Journal 8: Point/Counterpoint: Should Schools Be Held Responsible for Cyberbullying?

Bogacz, Renee, and Miguel Gómez Gordillo (2011). Point/Counterpoint: Should Schools Be Held Responsible for Cyberbullying? Learning and Leading with Technology, 38(6) retrieved from


http://www.iste.org/learn/publications/learning-and-leading/issues/Point_Counterpoint_Should_Schools_Be_Held_Responsible_for_Cyberbullying.aspx


Bogacz and Gordillo's article goes well beyond addressing anything specifically digital. The article explores the prevelant societal problem of bullying in general in American culture, including schoolyard bullying. In addition to emphasizing the importance schoolteachers, administrators, and students themselves who witness or are victims of cyberbullying, the first half of the article, namely Bogacz's portion, stipulates that parents closely monitor and check everything that their children do in the online world. Bogacz places the onus of responsibility on the schools to deal with cyberbullying, while Gordillo's response in the second half of the article is to place the onus of responsibility on parents, because children who bully, either in the digital world or the real world, tend to do so because they have not been taught how to respect others. The root of that problem is how their parents, or whoever has raised them, has taught them how to behave. Schools can only do so much. Parents and students themselves have to meet them halfway.


Question 1: What can someone like me do about cyberbullying in my future classroom?

When my students use the Internet to carry out class assignments--such as having them having engage in online discussions or write responses to prompts, I may deduce points if they are disrespectful to me or their fellow students. Or, I may simply ask them to keep redoing the assignment until they behave. And whether I am dealing with cyberbullying or live bullying, one thing I have had in thr back of my mind for a long time now is that when I catch my students being rotten, I will simply ask them to write letters of apology, as well as ask the two parties--the bully and the victim--to honestly express their feelings to each other, ie for the one who is bullied to tell the bully how the latter made him/her feel while asking the bully themselves to write maybe a semi-essay on why they acted the way they did and why they will never do it again. As an English teacher, getting my students to embrace written and spoken language as a means to improve human relationshsips is what it's all about, for me.


Question 2: What should parents do about cyberbullying?

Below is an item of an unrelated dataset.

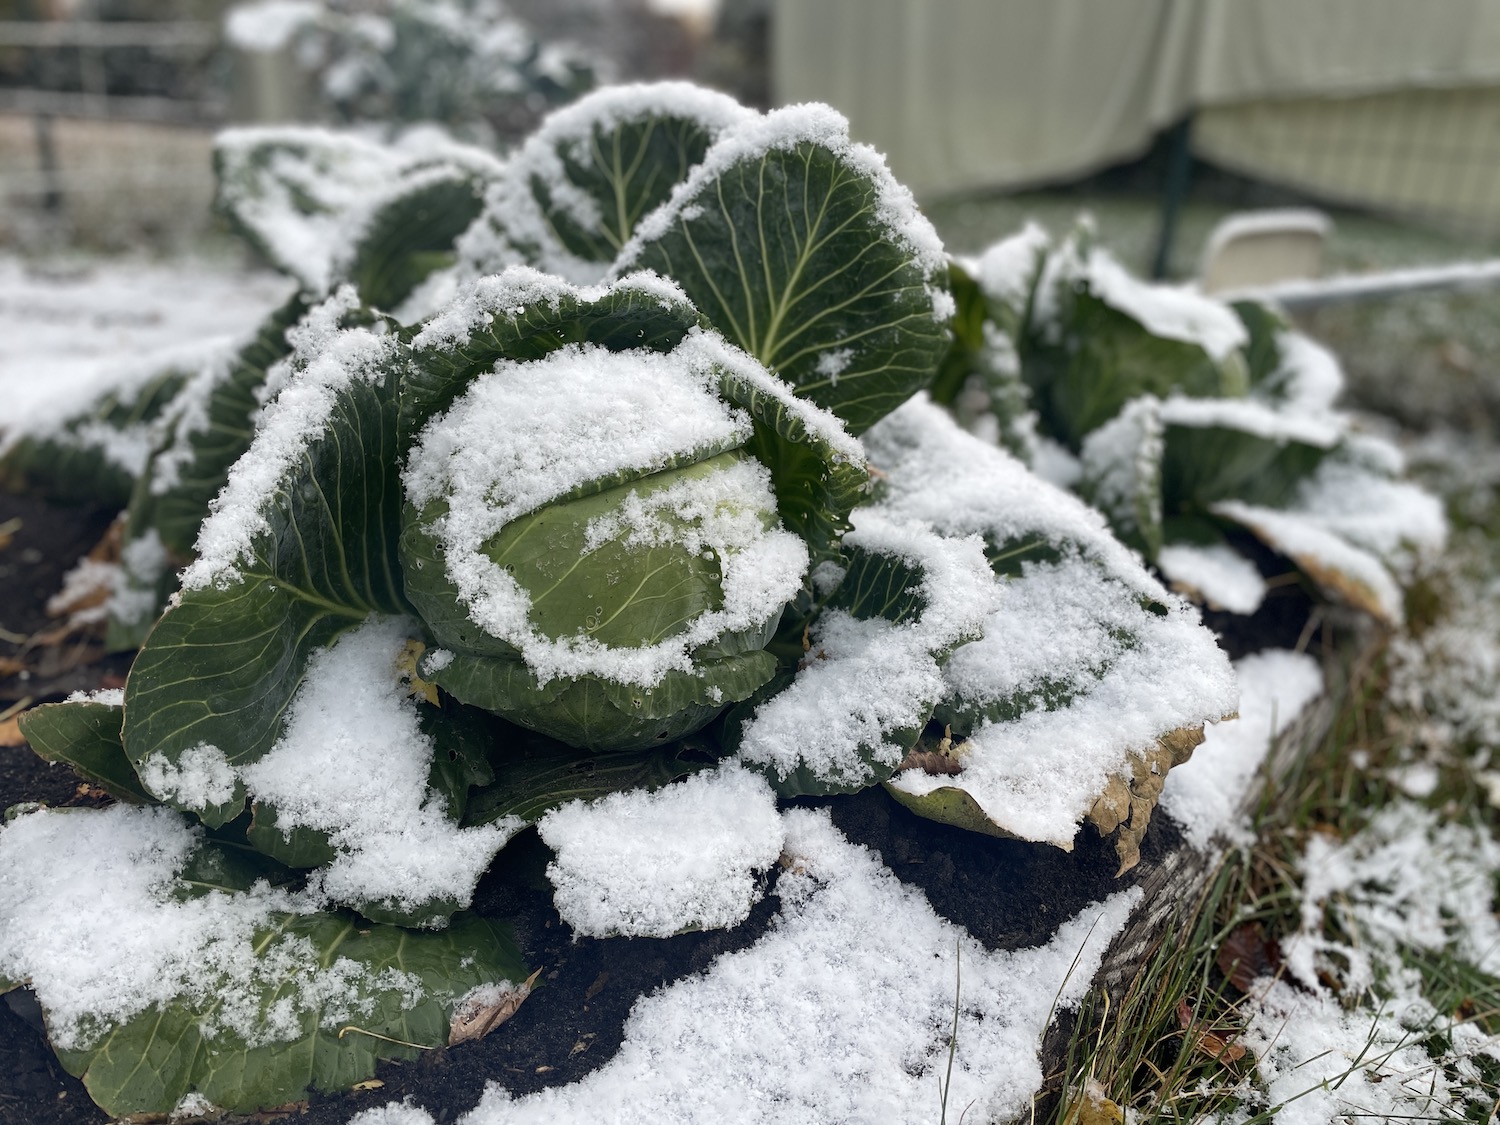 A photo of cabbage plants under some snow in the winter

I am of the opinion that Bogacz's stipulation that parents closely monitor and check everything that their children do in the online world is indeed overkill. If parents cannot even trust their own children with phones and computers than they shouldn't let their offspring have them at all. Before letting their children have access to electronic communications, however, parents should emphasize to their kids about being careful and watchful of people they run into tin the online world, just as parents should caution children when dealing with people in the real world. Parents can't wrap their children in woll forever; they need to prepare them for dealing with unpleasant and potentially dangerous people in life and teaching their sons and daughters how to behave responsibly and how to avoid undesirables is the key to giving adolescents the tools to function on their own.